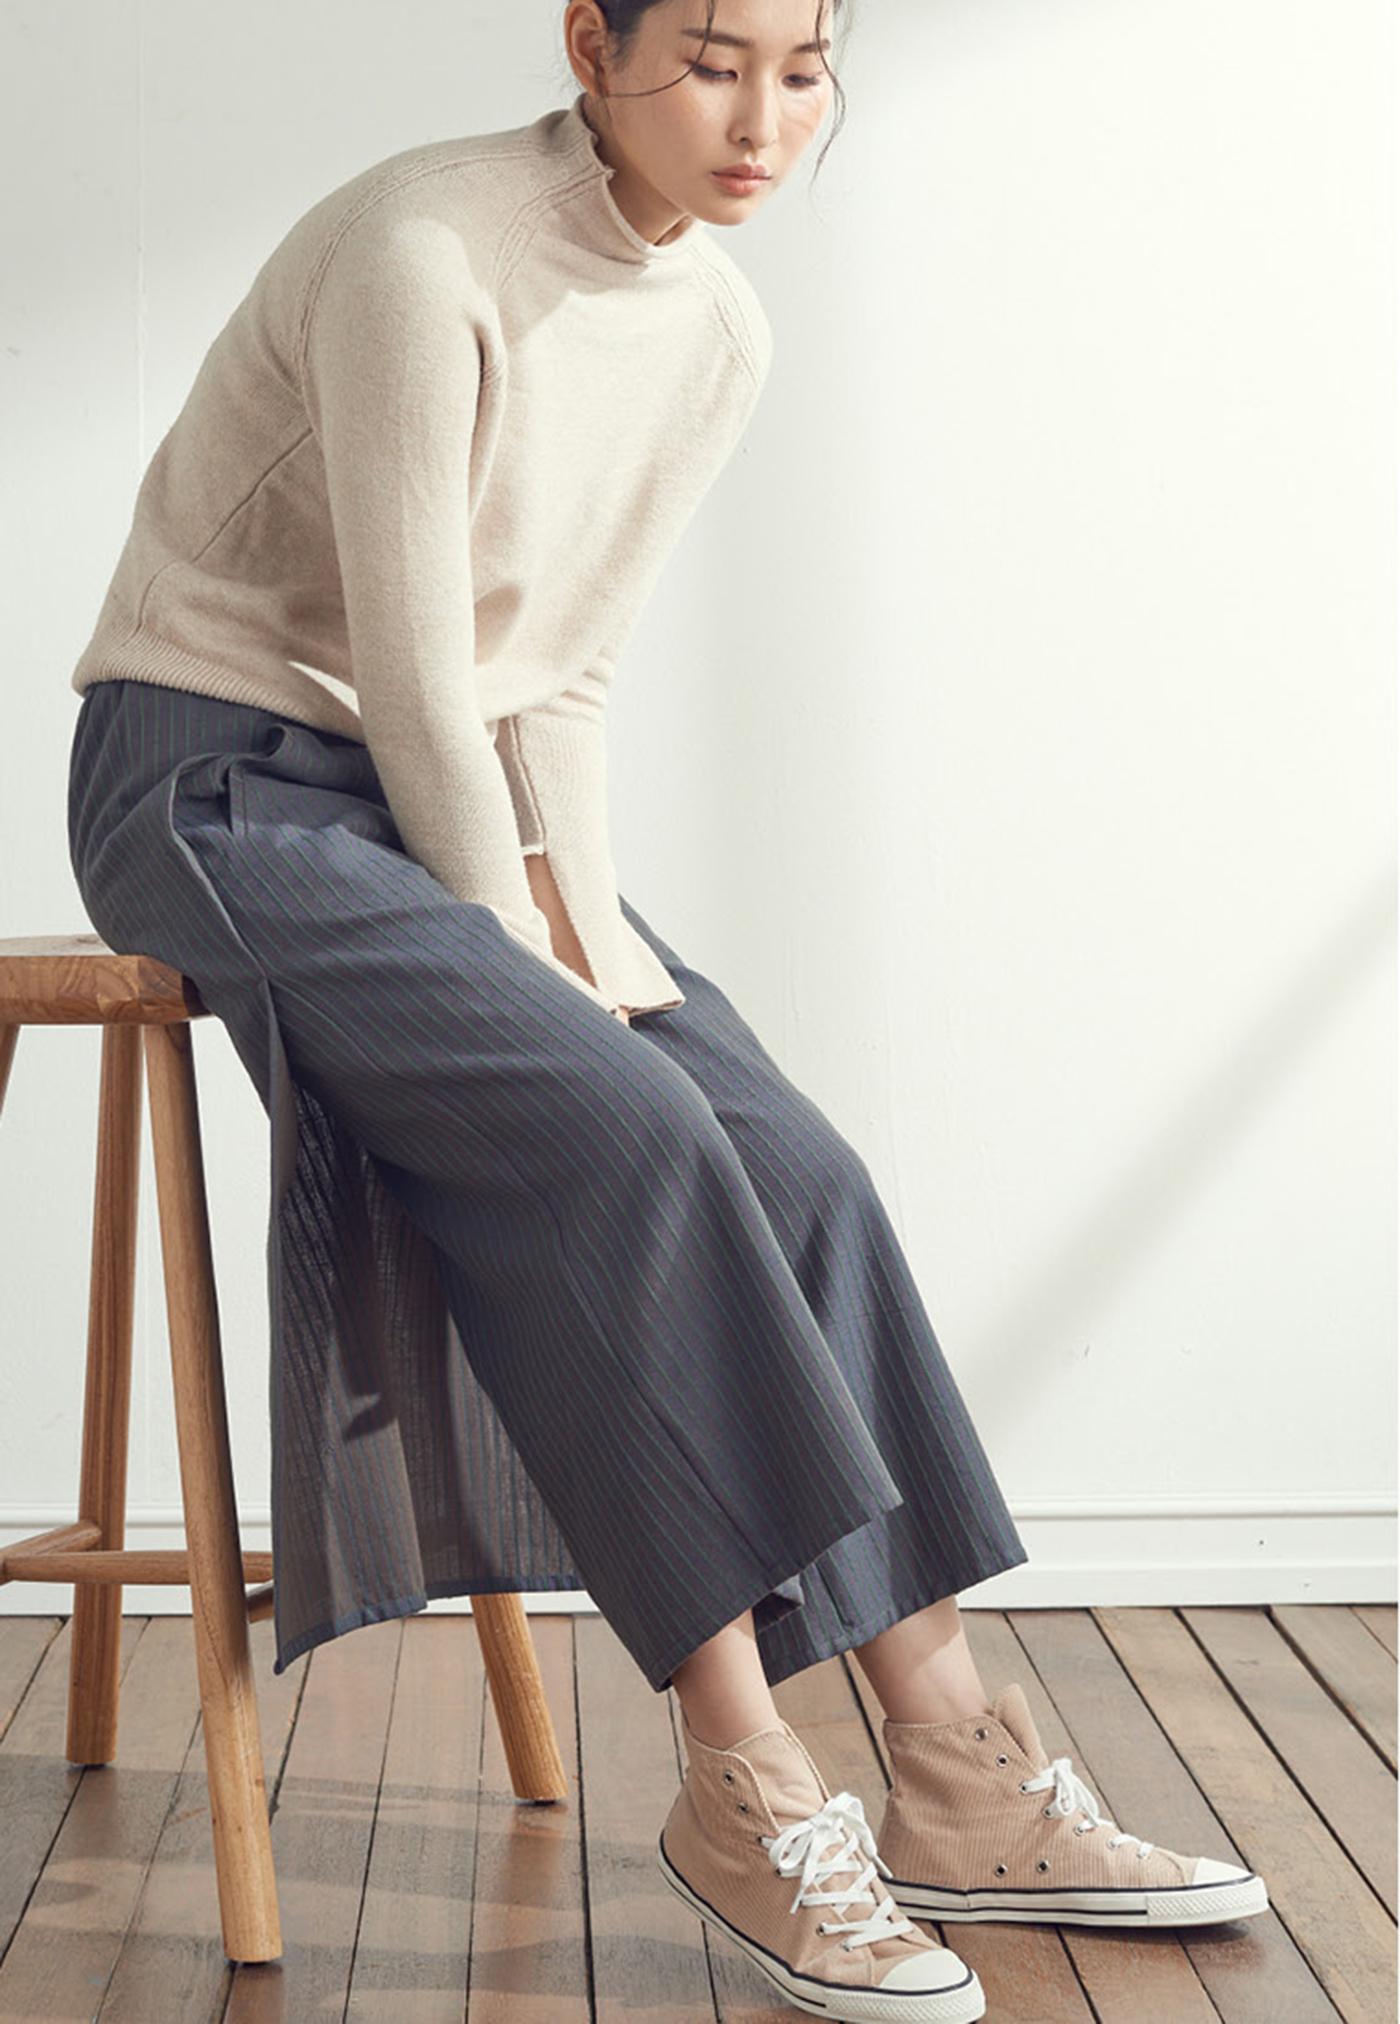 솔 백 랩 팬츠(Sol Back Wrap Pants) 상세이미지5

--

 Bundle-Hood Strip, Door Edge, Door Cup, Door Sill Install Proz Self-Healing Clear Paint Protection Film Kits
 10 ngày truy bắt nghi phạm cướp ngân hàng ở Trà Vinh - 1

→ Task to carry out
Which lines above run from the one containing "Bundle-Hood Strip, Door" down to the one containing "10 ngày truy"? Repeat exactly those, both ends included, and nothing else.

→ Solution for this exercise
 Bundle-Hood Strip, Door Edge, Door Cup, Door Sill Install Proz Self-Healing Clear Paint Protection Film Kits
 10 ngày truy bắt nghi phạm cướp ngân hàng ở Trà Vinh - 1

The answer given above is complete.